En el equipo de baile en el patio del barrio hay una tía; todos la llaman “Sunjie”. Antes de jubilarse trabajaba en una fábrica llevando las cuentas. Cuando bailan, siempre se coloca en el centro (C) para marcar el paso, y la disciplina del grupo es más estricta que la de cualquiera: por llegar tarde, te hacen quedarte de pie; y el teléfono tiene que ponerse en modo silencio.
El pasado noviembre, un día, al atardecer cuando la música aún sonaba a medias, Sunjie de repente se quedó clavada en su sitio. La pantalla de su teléfono estaba encendida, y no se sabía qué aplicación le había tocado. La tía de al lado se acercó a mirar y vio que era un gráfico de velas: todo rojo, rojo y más rojo. Sunjie dijo que la cuenta se la había abierto su hijo; ella en principio solo quería aprender a “ver las noticias”, pero no esperaba que, siguiendo el mismo enlace, comprara una moneda clon (de imitaciones). En el momento en que su capital inicial de varios miles subió tanto que hasta ella no se atrevía a creérselo, su cuenta llegó a mostrar que iba por más de cien mil.
El asunto se difundió por el equipo más rápido que el BGM del baile. En una semana se añadieron a su WeChat al menos siete u ocho tías para preguntarle “cómo se opera”. Incluso la tía Liu, que normalmente es la más tacaña y siempre regatea al comprar verduras, fue y metió una parte de su dinero para el retiro.
Pero no pasó ni la mitad de un mes cuando esa moneda se desplomó de golpe a la mitad. El dinero de la tía Liu se redujo a menos de la mitad. Le entró un enfado tal que, al bailar, hasta se le desordenaron los pasos. Durante un tiempo, en los mensajes privados del equipo casi todo era “¿conviene cortar pérdidas?”. Sunjie, en cambio, cuando la cotización estuvo en la parte más alta, fue ella quien se salió antes; no fue codiciosa.
Desde entonces, esto se volvió un tema del que todos entendían y nadie mencionaba en voz alta. Sunjie, por su parte, con la parte de las ganancias invitó al grupo a cenar una tanda de hot pot (fondue de estilo chino), como una forma de cerrar el asunto. Ahora el equipo sigue bailando como siempre, solo que el volumen del teléfono lo dejan aún más bajito; nadie sabe si será que otra vez están “revisando el tablero” en secreto.
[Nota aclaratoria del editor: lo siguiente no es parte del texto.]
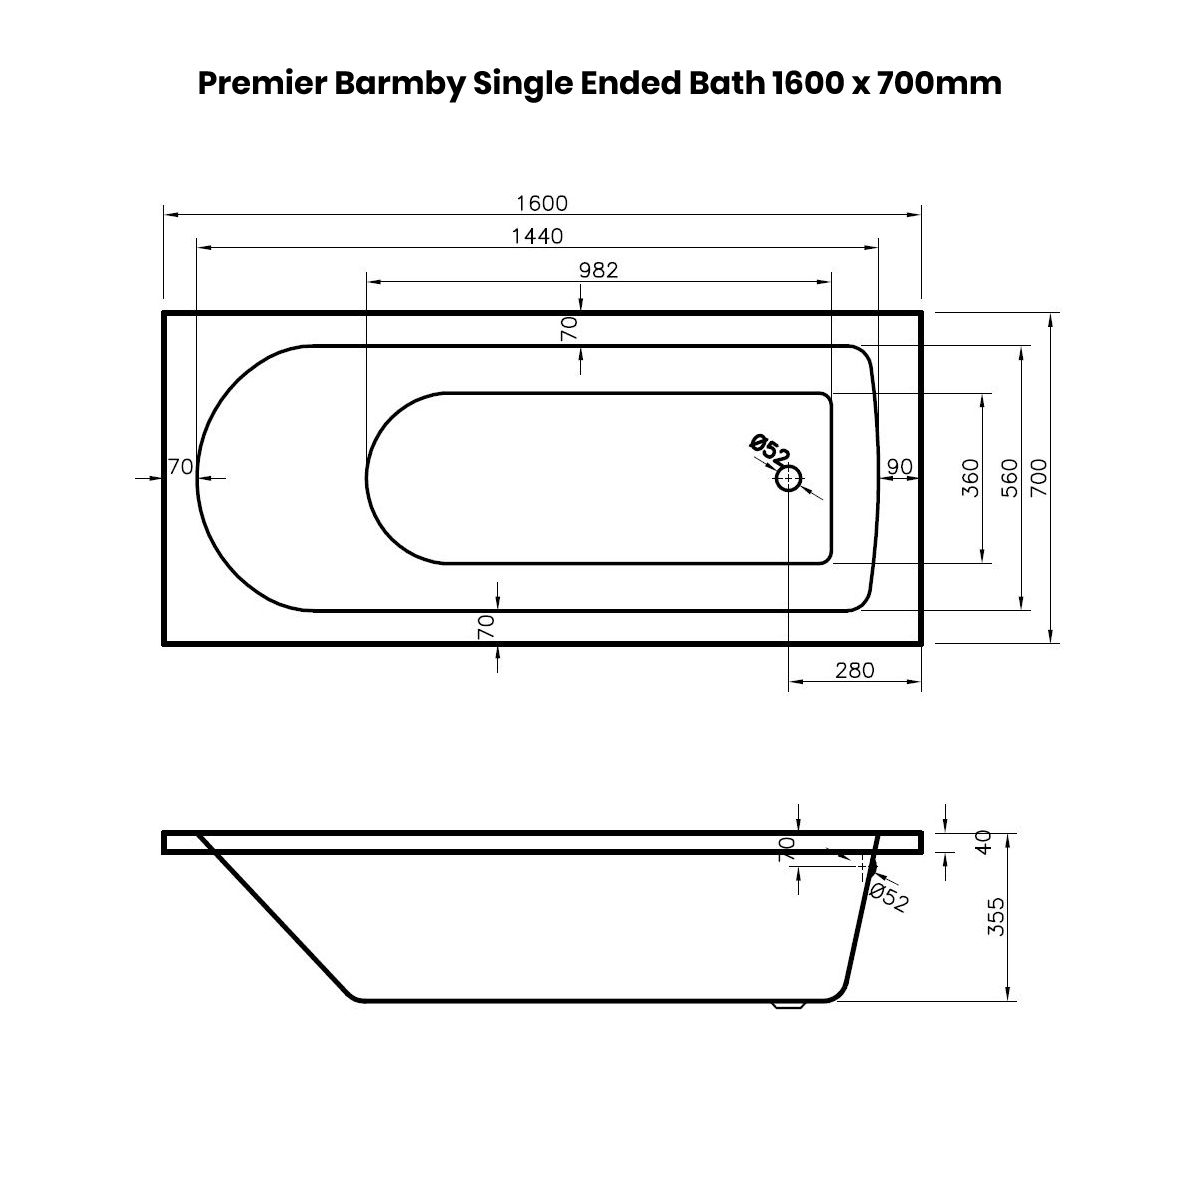 Premier Barmby Single Ended Bath 1600 x 700mm Dimensions

¿Han visto a alguien a su alrededor que, en apariencia, no se parece en nada a alguien que vaya a especular con monedas, pero en privado resulta ser un experto?
#币圈故事 #风险
El pasado noviembre, un día, al atardecer cuando la música aún sonaba a medias, Sunjie de repente se quedó clavada en su sitio. La pantalla de su teléfono estaba encendida, y no se sabía qué aplicación le había tocado. La tía de al lado se acercó a mirar y vio que era un gráfico de velas: todo rojo, rojo y más rojo. Sunjie dijo que la cuenta se la había abierto su hijo; ella en principio solo quería aprender a “ver las noticias”, pero no esperaba que, siguiendo el mismo enlace, comprara una moneda clon (de imitaciones). En el momento en que su capital inicial de varios miles subió tanto que hasta ella no se atrevía a creérselo, su cuenta llegó a mostrar que iba por más de cien mil.
El asunto se difundió por el equipo más rápido que el BGM del baile. En una semana se añadieron a su WeChat al menos siete u ocho tías para preguntarle “cómo se opera”. Incluso la tía Liu, que normalmente es la más tacaña y siempre regatea al comprar verduras, fue y metió una parte de su dinero para el retiro.
Pero no pasó ni la mitad de un mes cuando esa moneda se desplomó de golpe a la mitad. El dinero de la tía Liu se redujo a menos de la mitad. Le entró un enfado tal que, al bailar, hasta se le desordenaron los pasos. Durante un tiempo, en los mensajes privados del equipo casi todo era “¿conviene cortar pérdidas?”. Sunjie, en cambio, cuando la cotización estuvo en la parte más alta, fue ella quien se salió antes; no fue codiciosa.
Desde entonces, esto se volvió un tema del que todos entendían y nadie mencionaba en voz alta. Sunjie, por su parte, con la parte de las ganancias invitó al grupo a cenar una tanda de hot pot (fondue de estilo chino), como una forma de cerrar el asunto. Ahora el equipo sigue bailando como siempre, solo que el volumen del teléfono lo dejan aún más bajito; nadie sabe si será que otra vez están “revisando el tablero” en secreto.
¿Han visto a alguien a su alrededor que, en apariencia, no se parece en nada a alguien que vaya a especular con monedas, pero en privado resulta ser un experto?